* Recorded data *

⁂

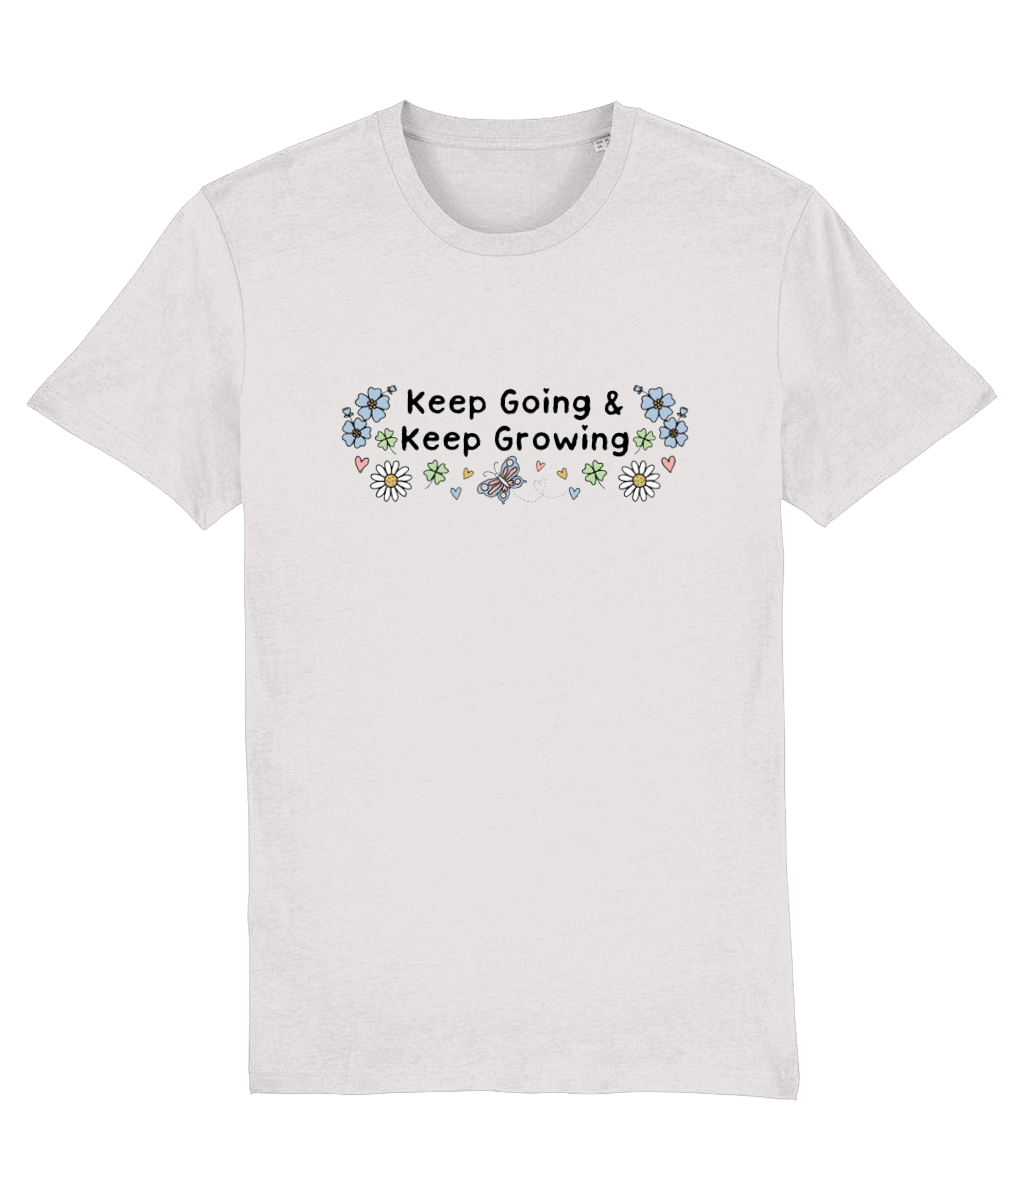 Floral Keep Going & Keep Growing - Adult T-Shirt - Light Multi Colour Available
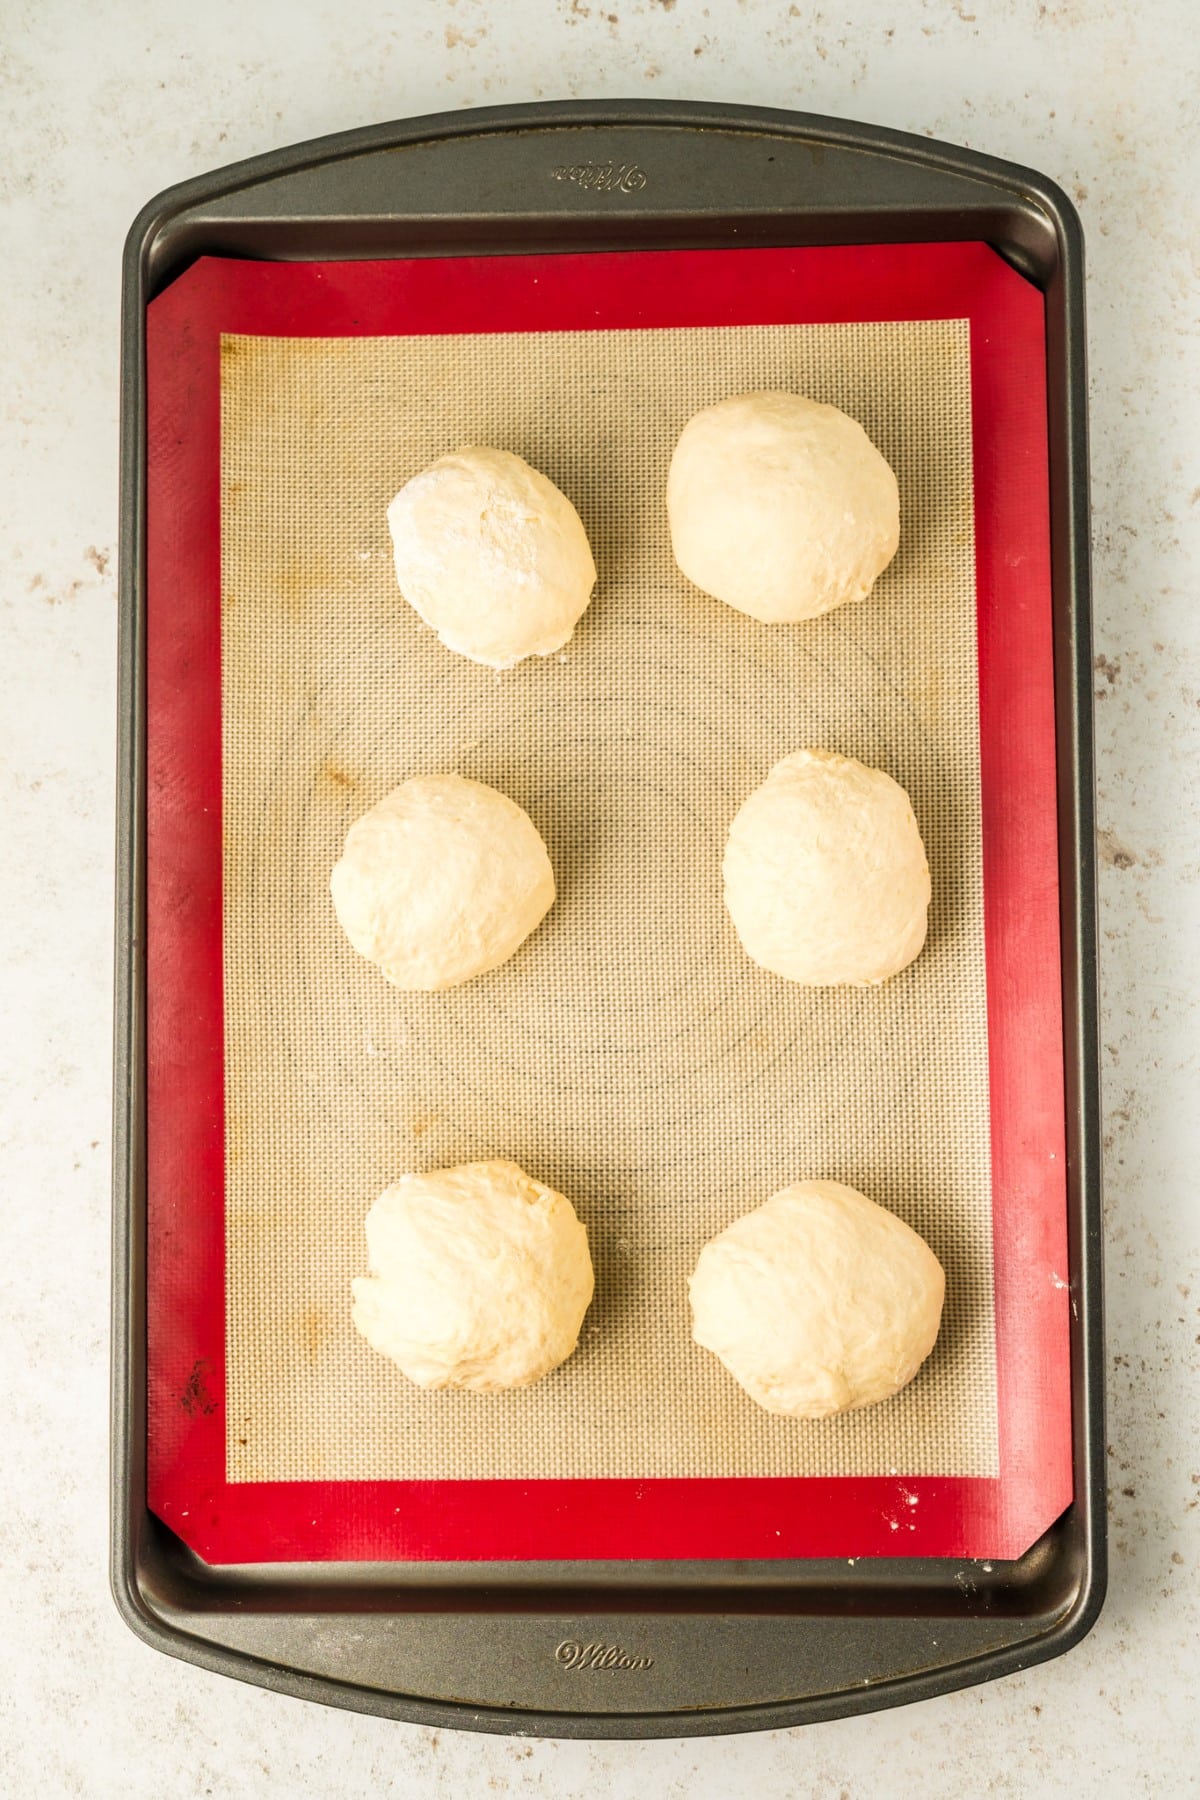 Naan rolled into 6 balls. 
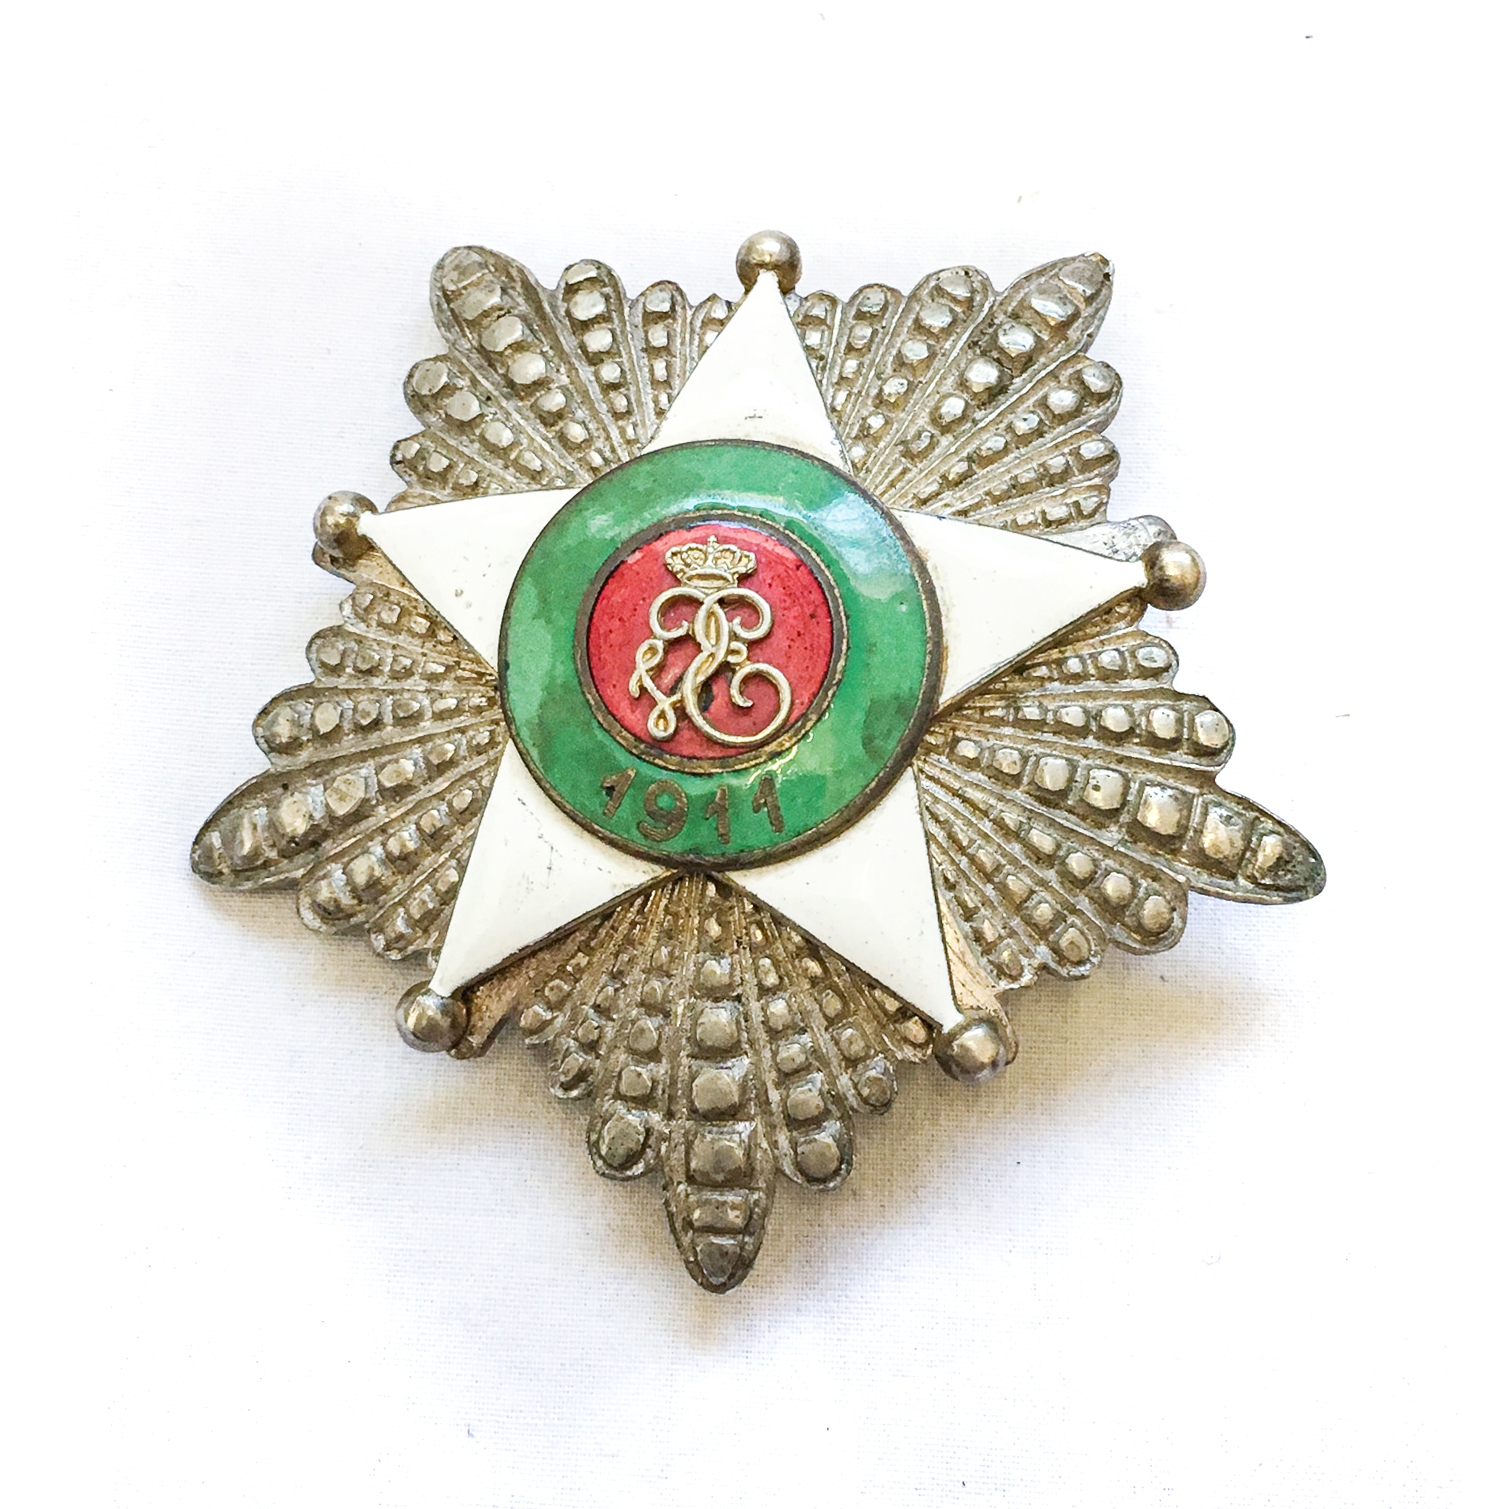 AN ITALIAN COLONIAL ORDER OF THE STAR OF ITALY (GRAND OFFICER) The Colonial Order of the Star of
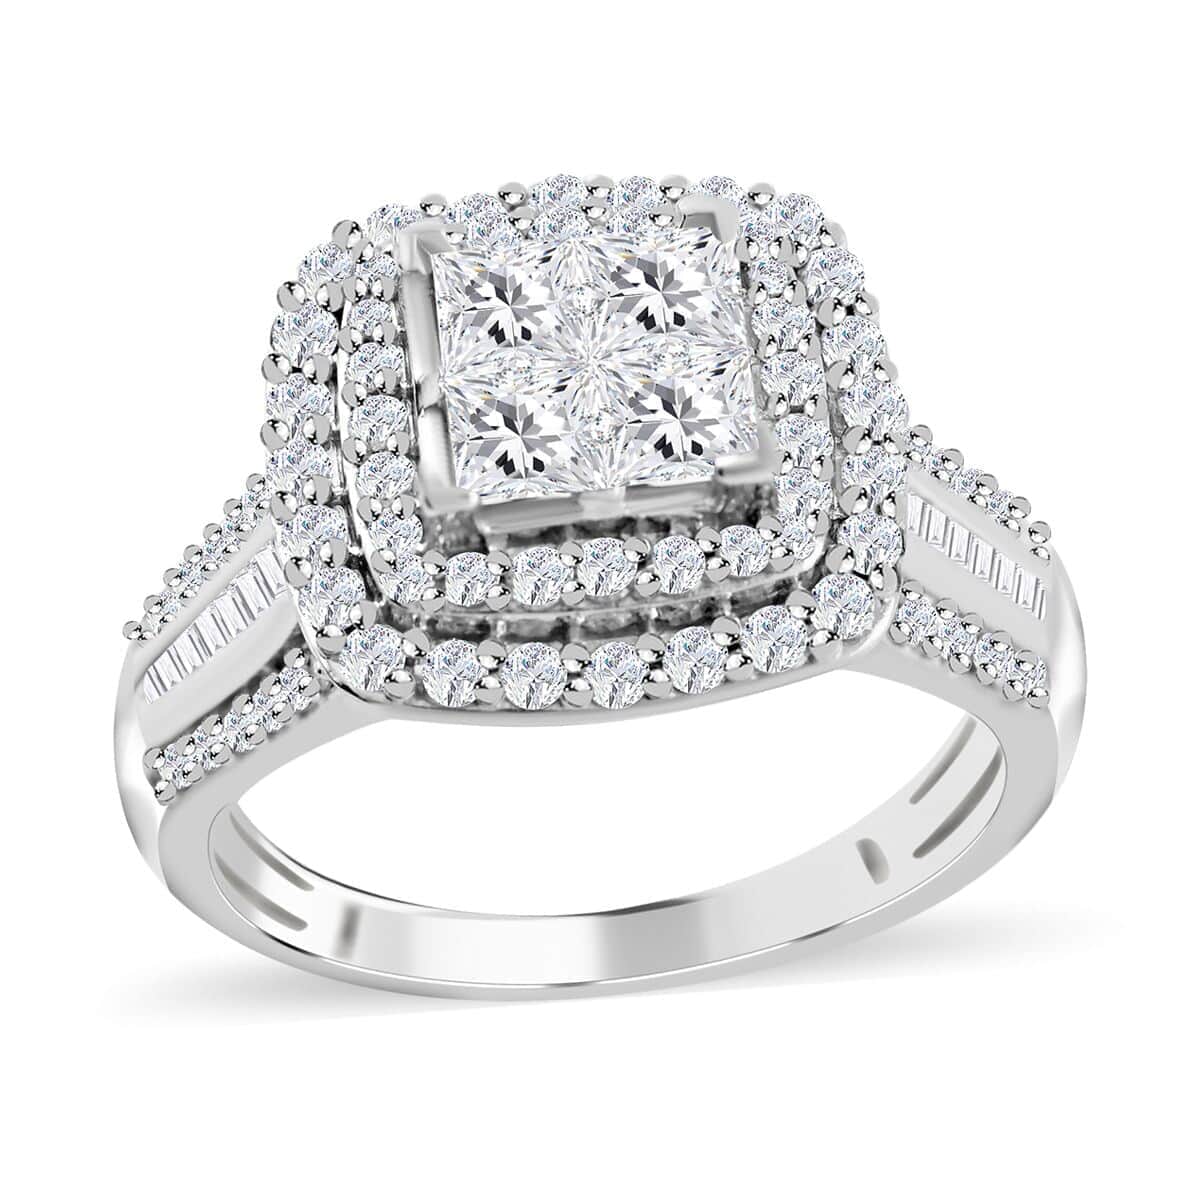 10K White Gold Diamond Ring 5.70 Grams 1.75 ctw (Delivery in 10-15 Business Days) image number 0

⁂

* What the task asks *
Repeat the listing above verbatim, but exclude the pictures it contains.

* Problem solution *
 Floral Keep Going & Keep Growing - Adult T-Shirt - Light Multi Colour Available
 Naan rolled into 6 balls. 
 AN ITALIAN COLONIAL ORDER OF THE STAR OF ITALY (GRAND OFFICER) The Colonial Order of the Star of
 10K White Gold Diamond Ring 5.70 Grams 1.75 ctw (Delivery in 10-15 Business Days) image number 0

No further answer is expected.